• Problem details
In the listing below, the lines starting at the line with "botón de emigración." and ending at the line with "The Australian Labour Market in 2006" are to be output verbatim. Images stay out of the copy.

• Working data
▬▬▬▬▬▬▬▬▬▬

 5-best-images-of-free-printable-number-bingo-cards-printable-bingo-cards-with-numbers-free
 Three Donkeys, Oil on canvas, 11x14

▬▬▬▬▬▬▬▬▬▬

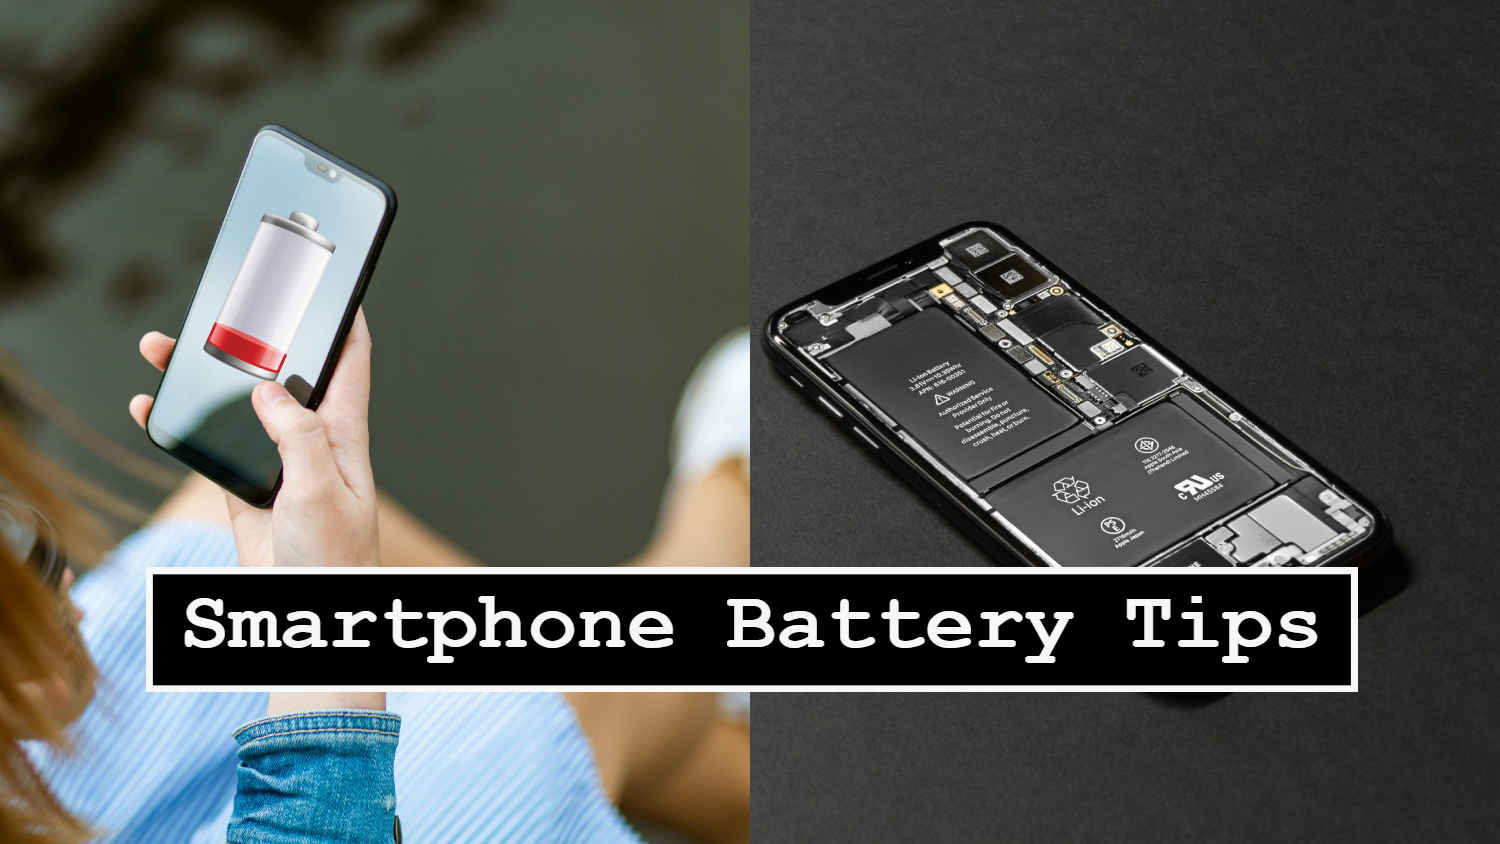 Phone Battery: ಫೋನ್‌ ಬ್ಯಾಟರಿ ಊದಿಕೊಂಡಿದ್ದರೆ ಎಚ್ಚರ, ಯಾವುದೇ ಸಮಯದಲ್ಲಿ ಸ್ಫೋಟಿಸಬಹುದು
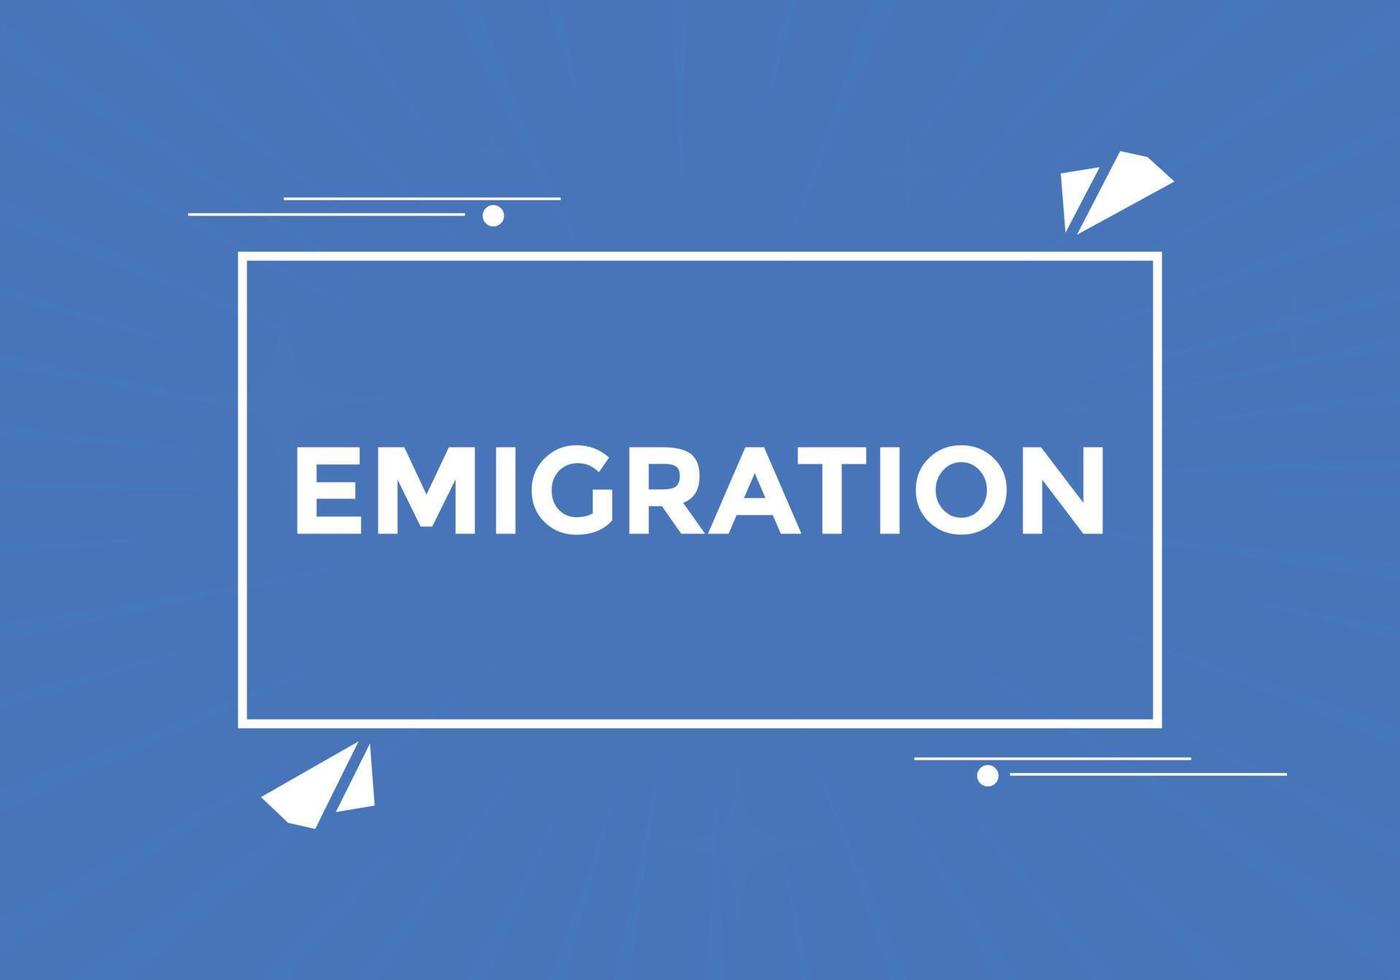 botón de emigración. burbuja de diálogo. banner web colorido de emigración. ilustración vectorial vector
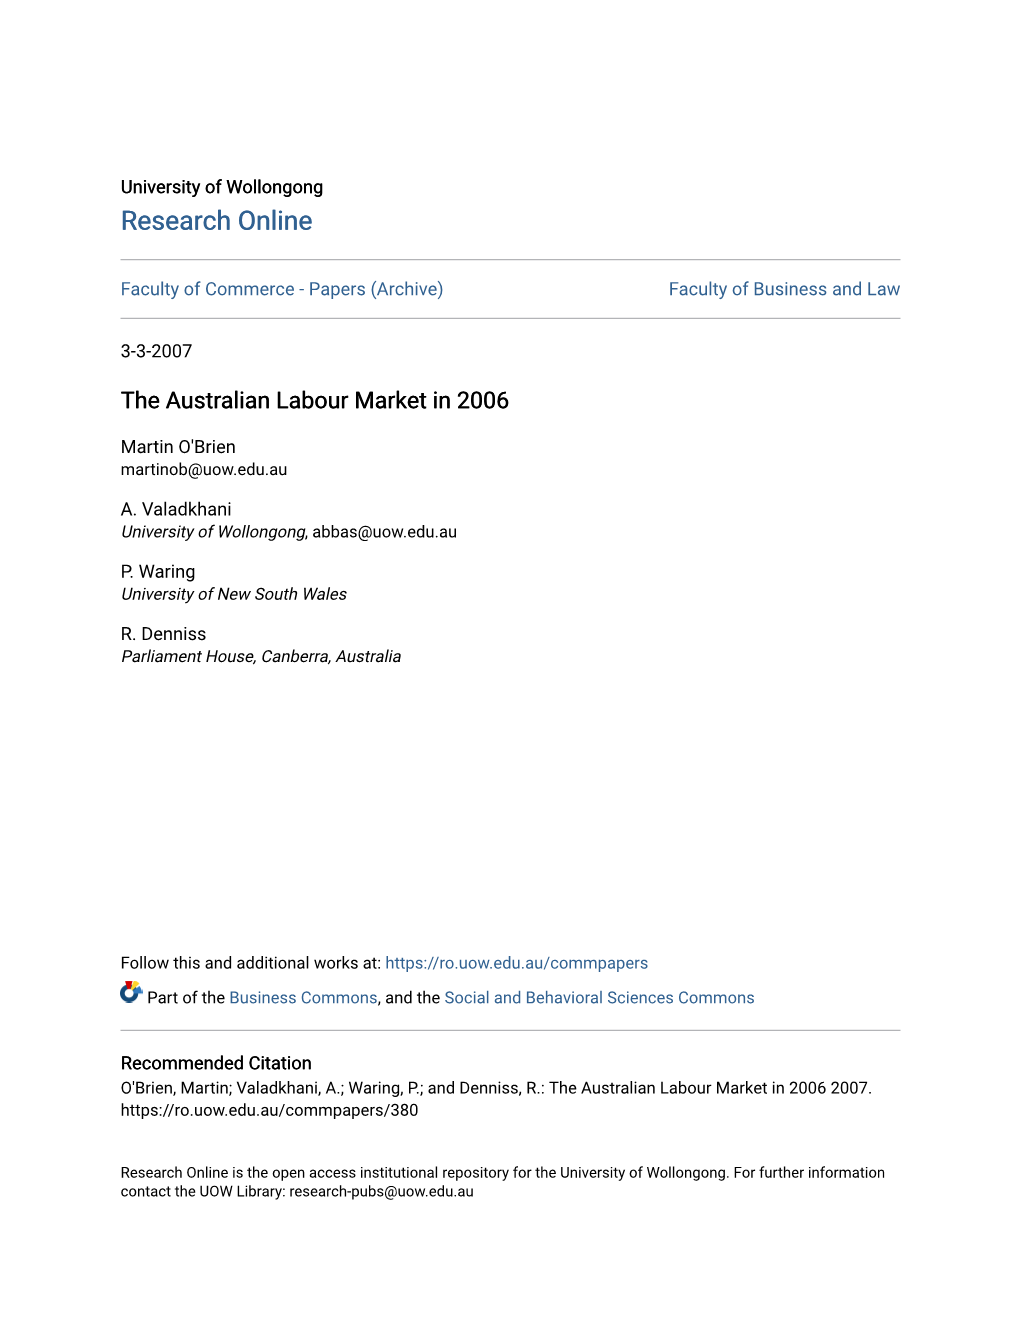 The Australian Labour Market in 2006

▬▬▬▬▬▬▬▬▬▬

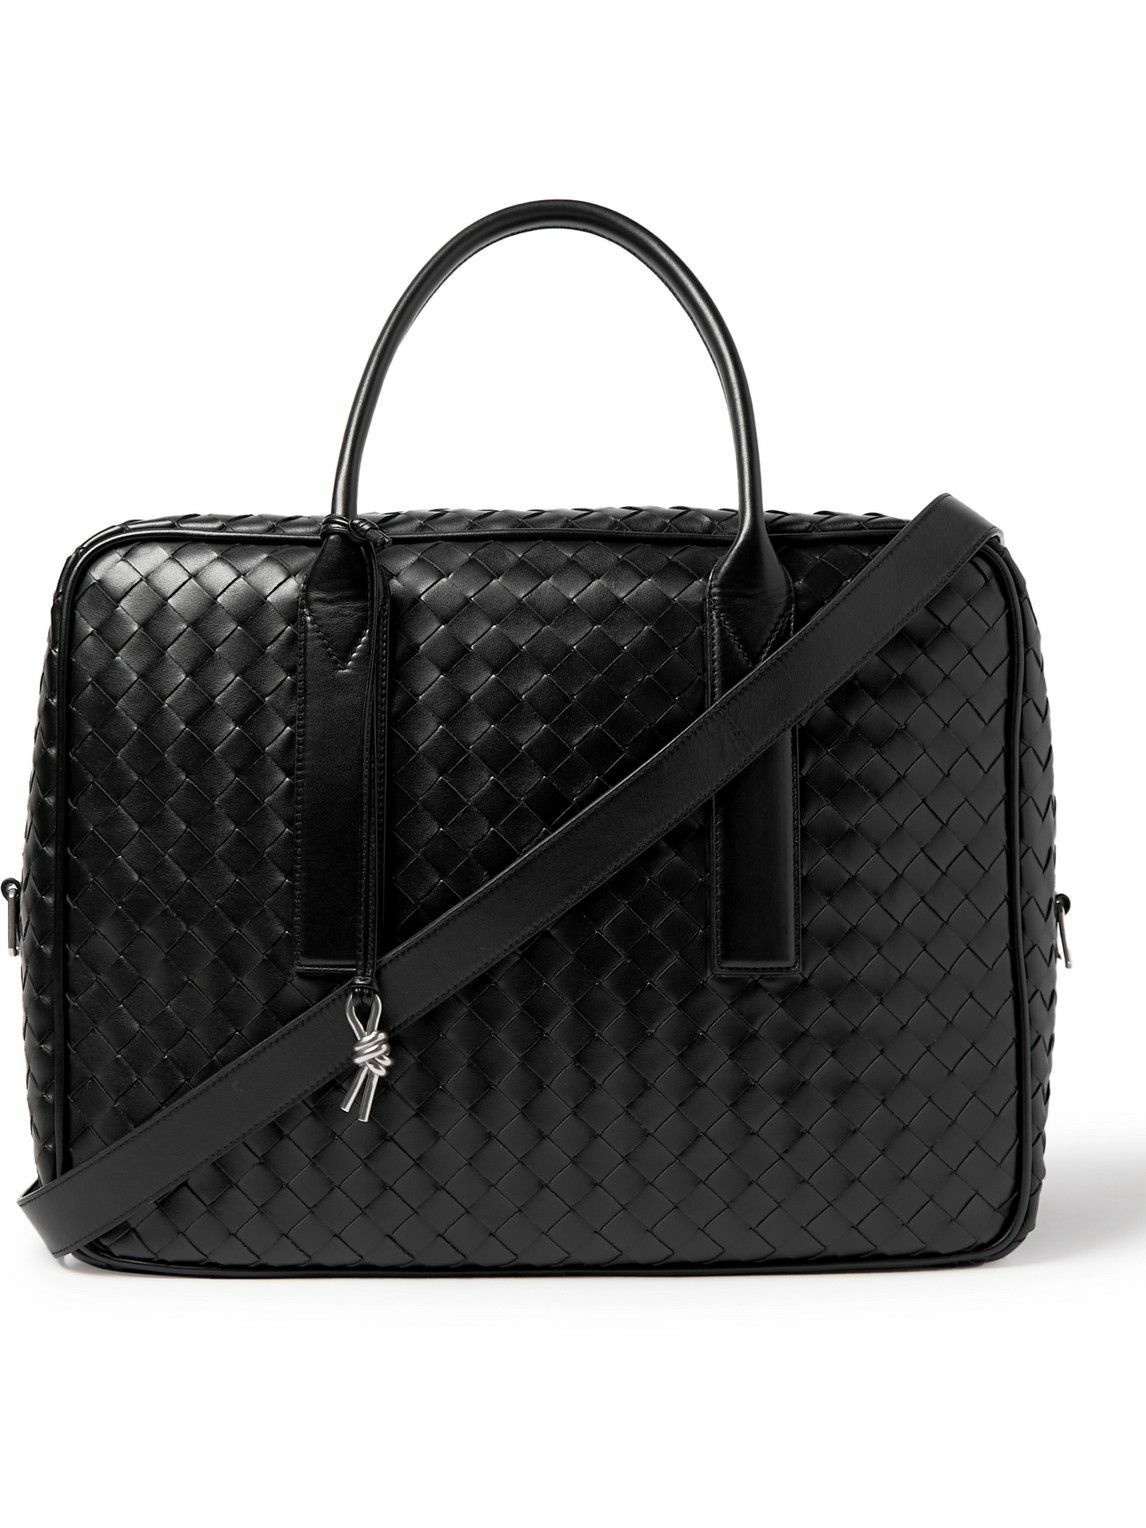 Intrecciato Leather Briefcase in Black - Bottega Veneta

▬▬▬▬▬▬▬▬▬▬

• Answer to this task
 botón de emigración. burbuja de diálogo. banner web colorido de emigración. ilustración vectorial vector
 The Australian Labour Market in 2006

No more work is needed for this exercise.